Do recent press reports that racial harmony has increased in New York since 9/11 point to a temporary phenomenon, sure to evaporate when the Islamist attack on Gotham fades from immediate memory, or is the good feeling something deeper than a grabbing for your neighbor in an instant of fear? This issue’s two cover stories suggest that race relations are truly improving, not just in Gotham but across the nation. Beneath the static of racial contention that the press loves to report, a profoundly positive transformation of American society is already almost complete.

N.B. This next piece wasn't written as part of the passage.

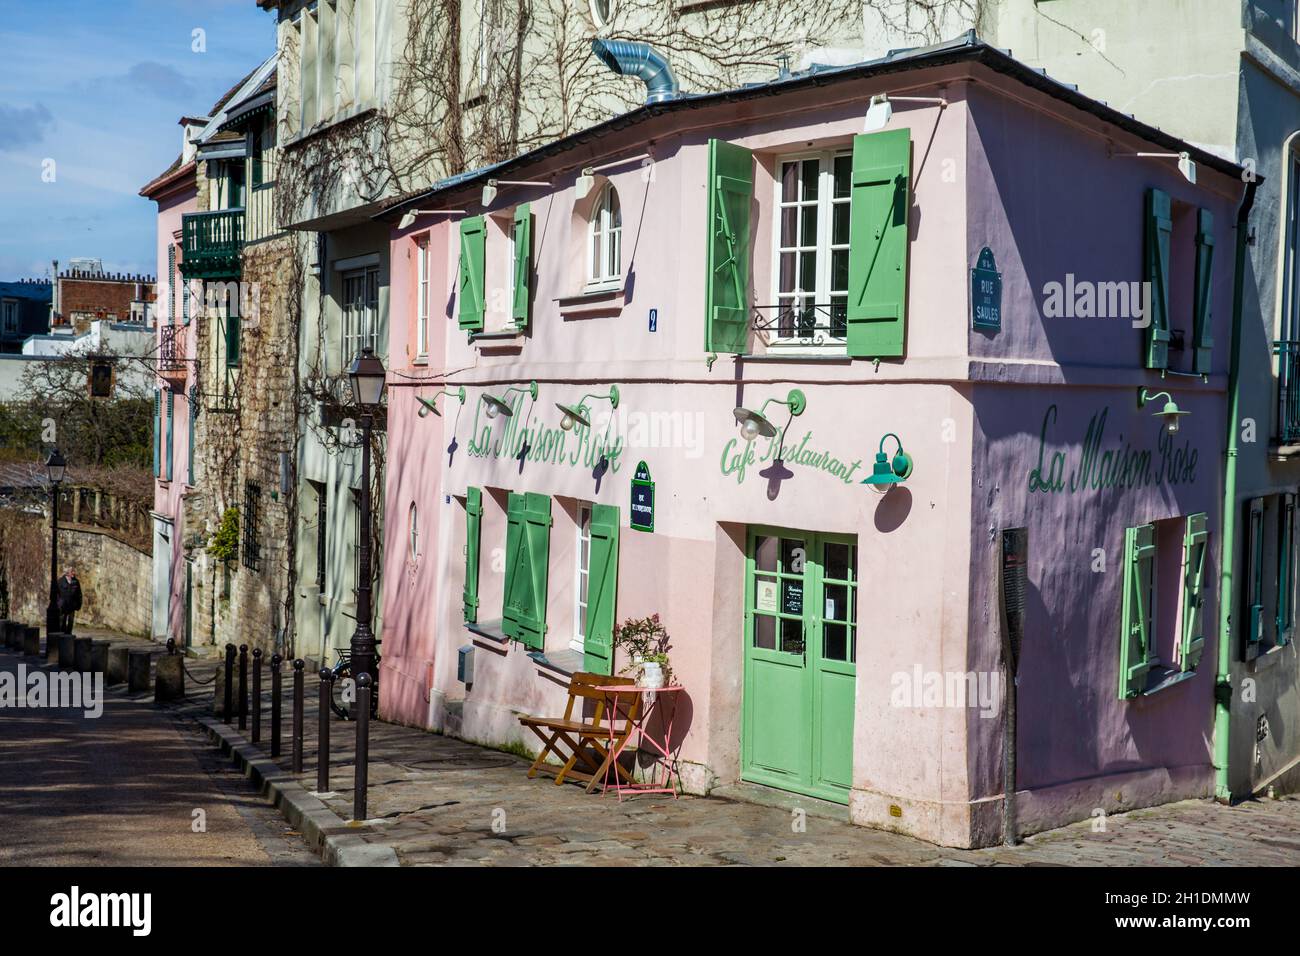 Ristorante Di Casa Rosa Di Parigi Immagini e Fotos Stock - Alamy

Lots of the static we hear concerns alleged police racism and racial profiling. Well, black cops now make up a significant portion of most urban forces: but no one, until Heather Mac Donald’s remarkable “The Black Cops You Never Hear About,” had thought to ask these officers, ideal commentators on such contentious issues, for their views. What is so reassuring about Mac Donald’s interviews in eight departments across the country is not just that these admirable lawmen forcefully reject the racism and racial profiling charges—leveled against them as well as against their white colleagues—but also that they are solid, commonsensical, middle-class Americans, who take for granted that they are the protectors of a black community of law-abiding good people against the depradations of a minority of thugs. The press may look to the opinions of dissident, alienated black cop organizations like “100 Black Men in Law Enforcement Who Care,” but—putting aside the question of whether such groups really have the 100 members they claim and really do “care” beyond any other cops—the upbeat, can-do, no-nonsense officers Mac Donald interviewed seem much more likely to represent mainstream African-American police sentiment.

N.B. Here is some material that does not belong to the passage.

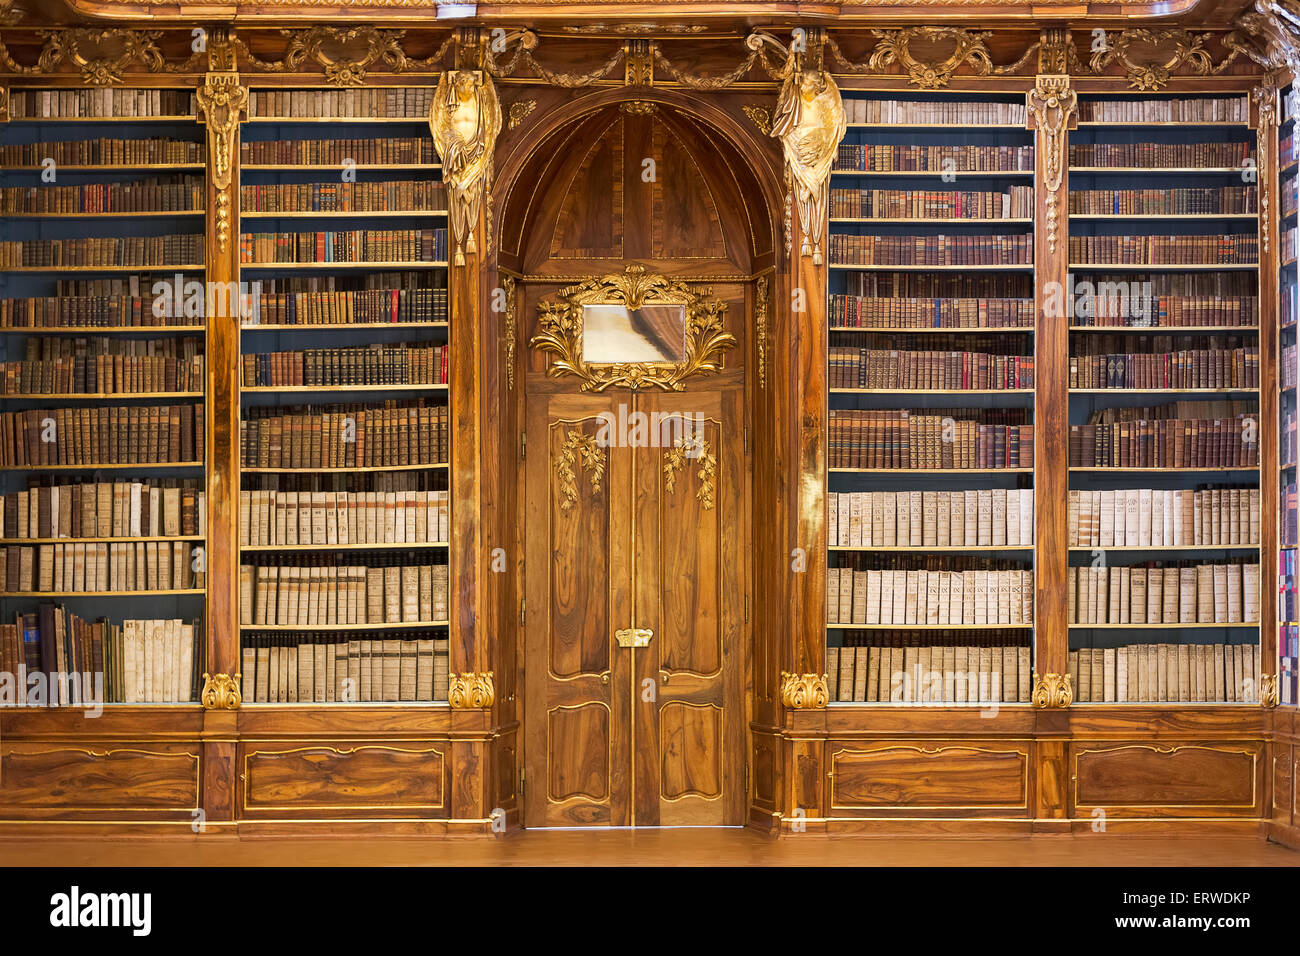 PRAGUE, RÉPUBLIQUE TCHÈQUE - janvier 04, 2015 : Salle de philosophie de la bibliothèque du monastère de Strahov Banque D'Images

Even noisier static comes from such self-appointed black leaders as Jesse Jackson and Al Sharpton. But, as John H. McWhorter argues in “Why Blacks don’t Need Leaders,” such characters have no function, since the civil rights movement they claim to lead ended in total victory long ago. Now blacks just need to walk through the doors that are open to them, as so many have done, like the black cops Mac Donald interviewed. With no real use, people like Reverends Jackson and Sharpton are puny caricatures of the Reverends King and Abernathy, devoted only to their disreputable self-aggrandizement. True, a minority of inner-city black Americans unable to grasp the opportunity that the civil rights movement opened do need some guidance, McWhorter shows, not to change the larger society but to change themselves and their immediate communities. And McWhorter introduces us to some of the admirable guides already on the job.

Victor Davis Hanson argues in his moving “The Civic Education America Needs” that our nation’s capacity to correct its flaws and bring its social reality into line with its ideals—as is clearly happening with respect to race—is one of the features that make it so exceptional in world history. That uniqueness, and those ideals, our schools used to teach our children, until PC made it gauche to assert American exceptionalism: but in a time of war, Hanson makes clear, kids need to learn what we are fighting to preserve. Not that our society is perfect, of course: and two other stories in this issue point out flaws in our democracy that our continual process of amelioration needs to correct. As Brian C. Anderson points out in “Why the Battle for the Court Will Be Nasty,” for half a century and more the Supreme Court has gone beyond its constitutional function, making, rather than merely interpreting, the law. Such legislation from the bench once gave us conservative outcomes; but because for a long time the outcomes have been liberal, the Left resists any return to a more limited (and constitutional) judicial role. But as Anderson points out, judicial activism could move Rightward at any time, showing the Left why the Founders were wise to establish a judicial restraint acceptable to all. And as Steven Malanga observes in “Gotham’s Unrepresentative Representatives,” the strange, undemocratic current state of New York City politics, with a feckless GOP and a Democratic party in the grip of the public employee unions, has yielded a crop of congressmen who almost always vote against their constituents’ economic interest.

Finally, don’t miss Theodore Dalrymple’s and Stefan Kanfer’s exhilaratingly irreverent critiques of Virginia Woolf and Noam Chomsky—two influential intellectuals whose foolish and squalid ideas have helped blind so many to the unique blessings Western—and especially American—civilization has heaped upon them.